Triletters, similarly, are a set of three consecutive letters in a sequence of text.
Hence, our features will encompass the counts of biletters, triletters, and similar constructs in the training set. As evident, this approach can yield numerous features, given the 26 letters in the Latin alphabet, along with numbers.
The selection of these features aims to differentiate between languages based on their commonly associated letters. It is a known fact that each language has specific preferences for letter combinations (for instance, in English, the pair "zx" is rarely found in a word, but it might be more common in some other languages).
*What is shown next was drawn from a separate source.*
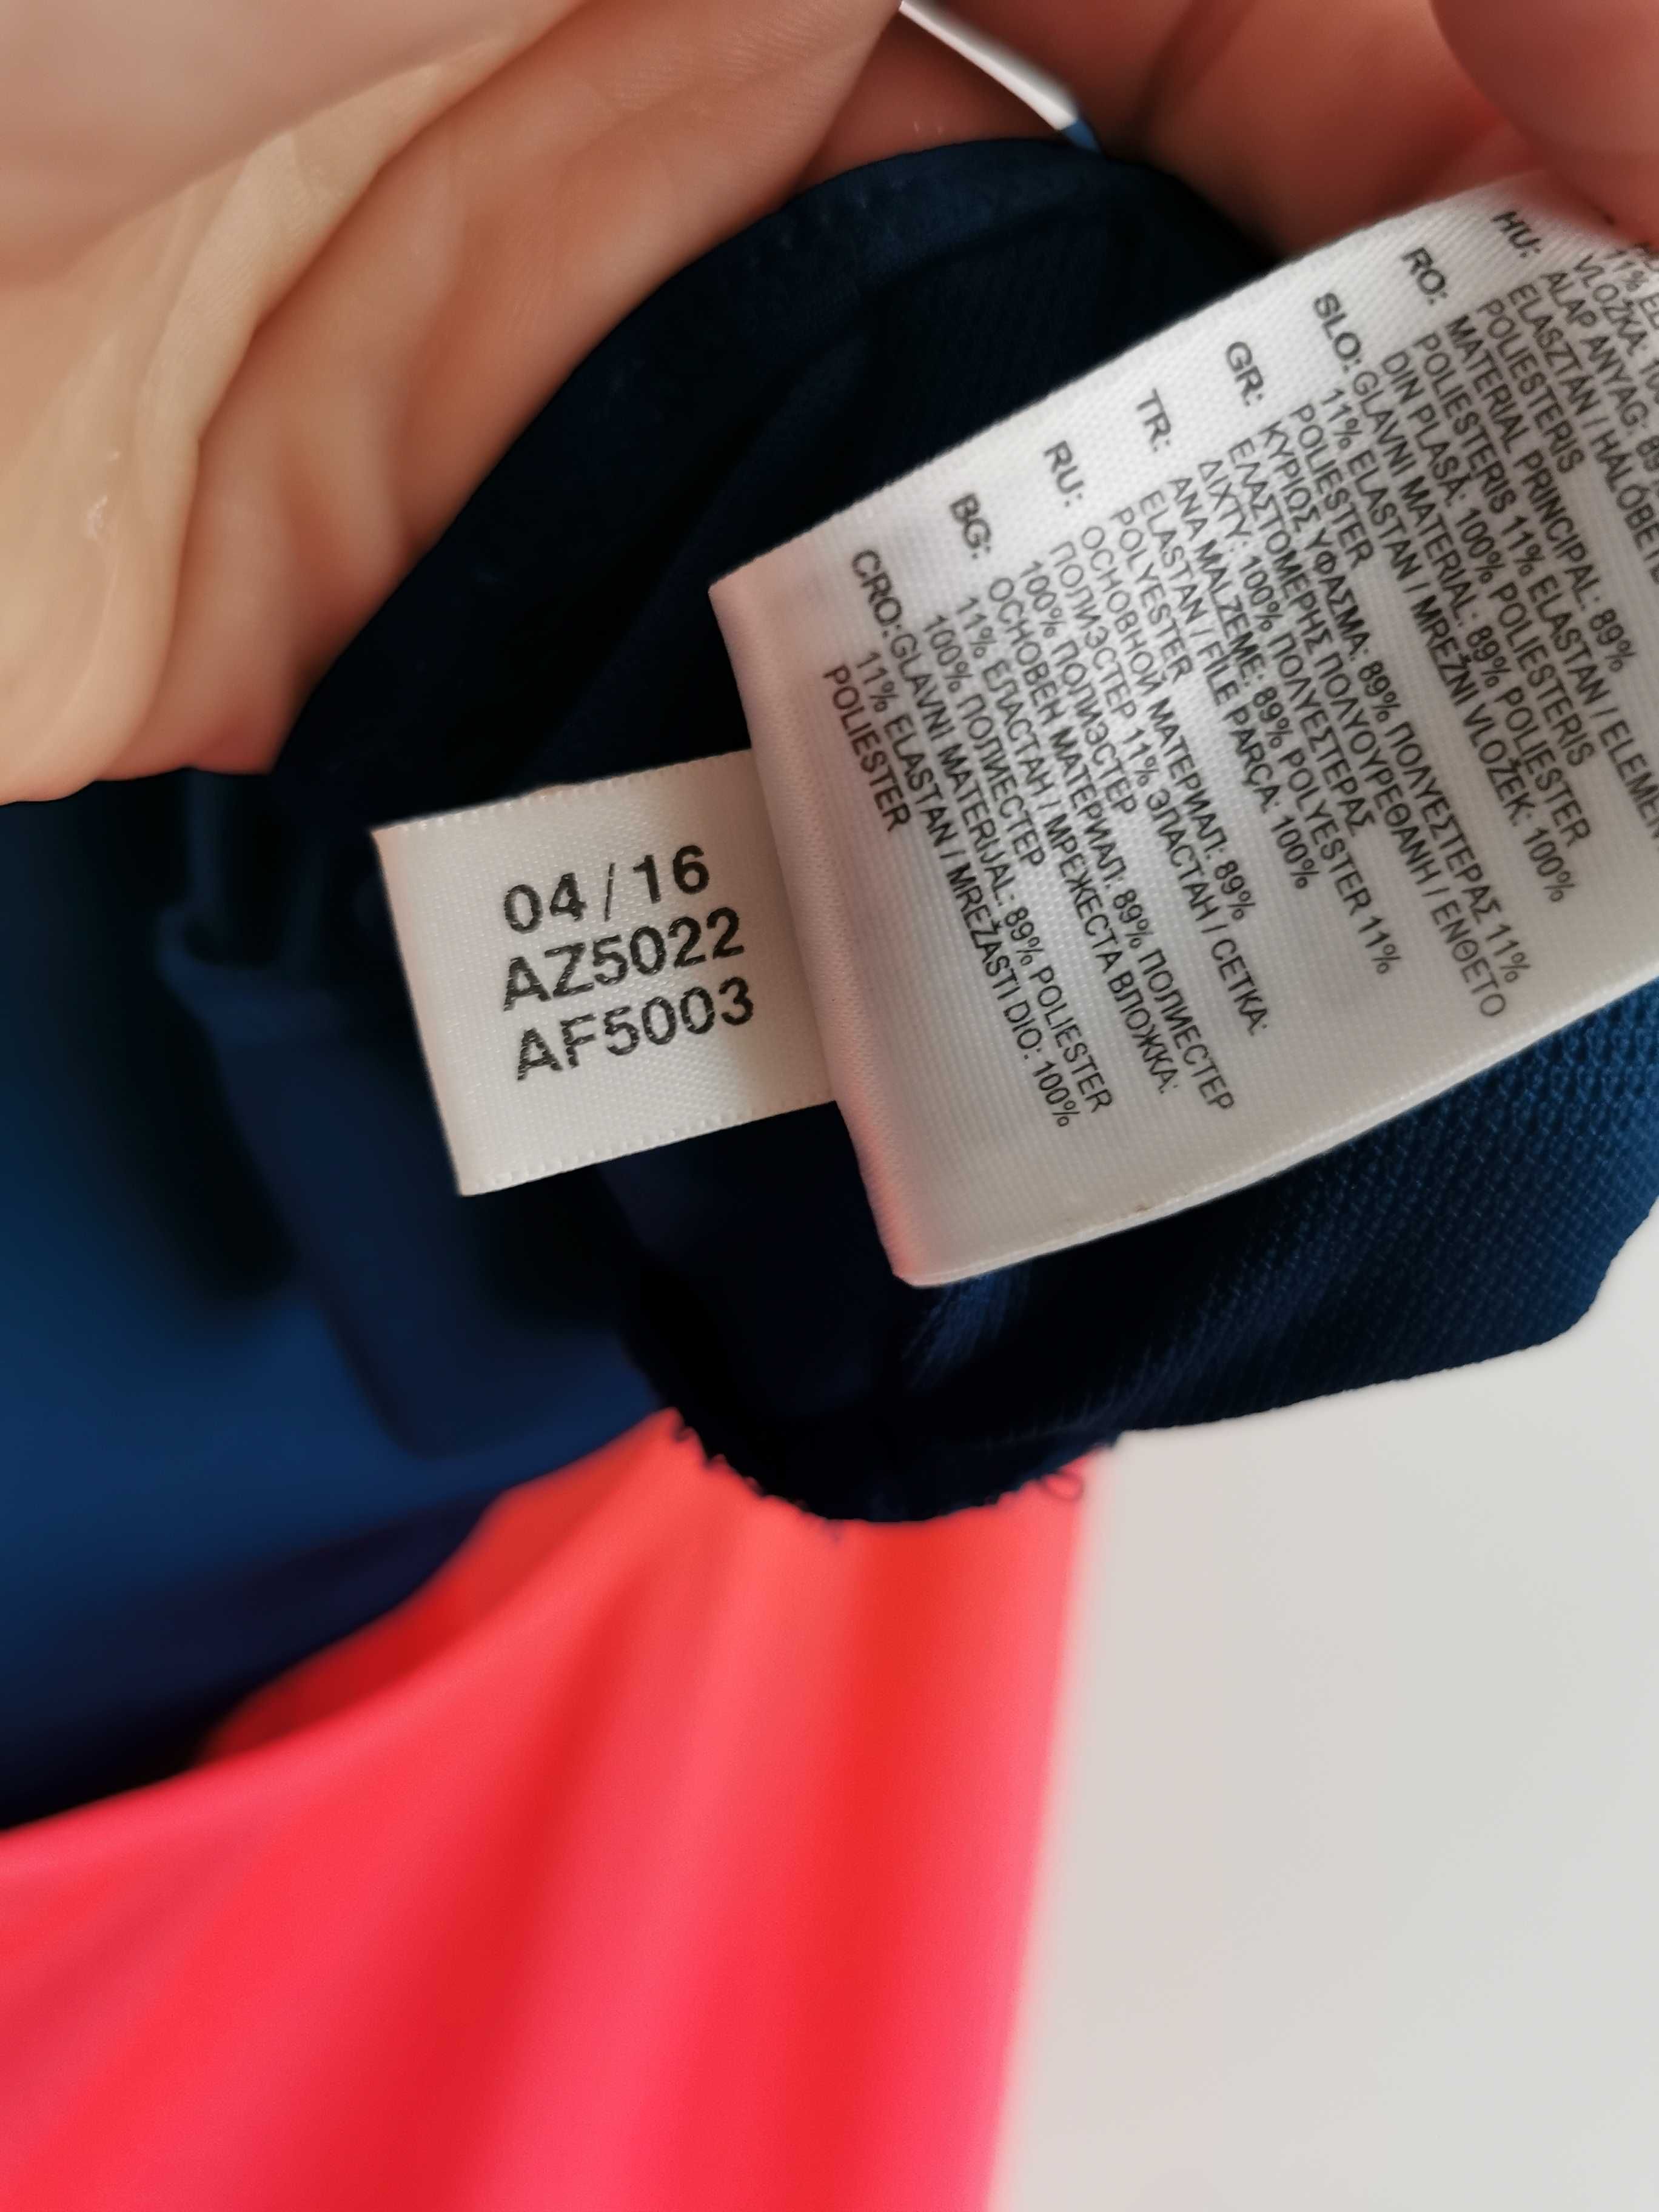 Adidas koszulka + top biustonosz sportowy 2w1 NOWE ORYGINALNE L/XL

Essentially, our features serve to mathematically formalize this straightforward observation.
Implementation in C#
In this section, we will tackle the implementation in C# of everything mentioned earlier and witness a practical example in action.
Defining the concepts
First and foremost, let's provide a brief description of the concepts we emphasized.
Defining a language
1// Define Language
2public class Language : IEquatable<Language>
3{
4 public string Name { get; set; }
5
6 public Language(string name)
7 {
8 Name = name;
9 }
10
11 public bool Equals(Language? other)
12 {
13 return other != null && Name == other.Name;
14 }
15
16 public override int GetHashCode()
17 {
18 return Name.GetHashCode();
19 }
20}
Defining a document
A document is merely a sequence of words.
1// Define Document
2public class Document
3{
4 public Document(List<string> words)
5 {
6 Words = words;
7 }
8
9 public List<string> Words { get; set; }
10}
We also define a labelled document. A labeled document is a document that has been categorized into a specific language. This concept proves useful during the training phase of the algorithm.
1// Define Document
2public class LabelledDocument
3{
4 public Document Document { get; set; }
5
6 public Language Language { get; set; }
7}
Defining the interfaces
Armed with these concepts, we can now define interfaces as contracts that our classes must adhere to.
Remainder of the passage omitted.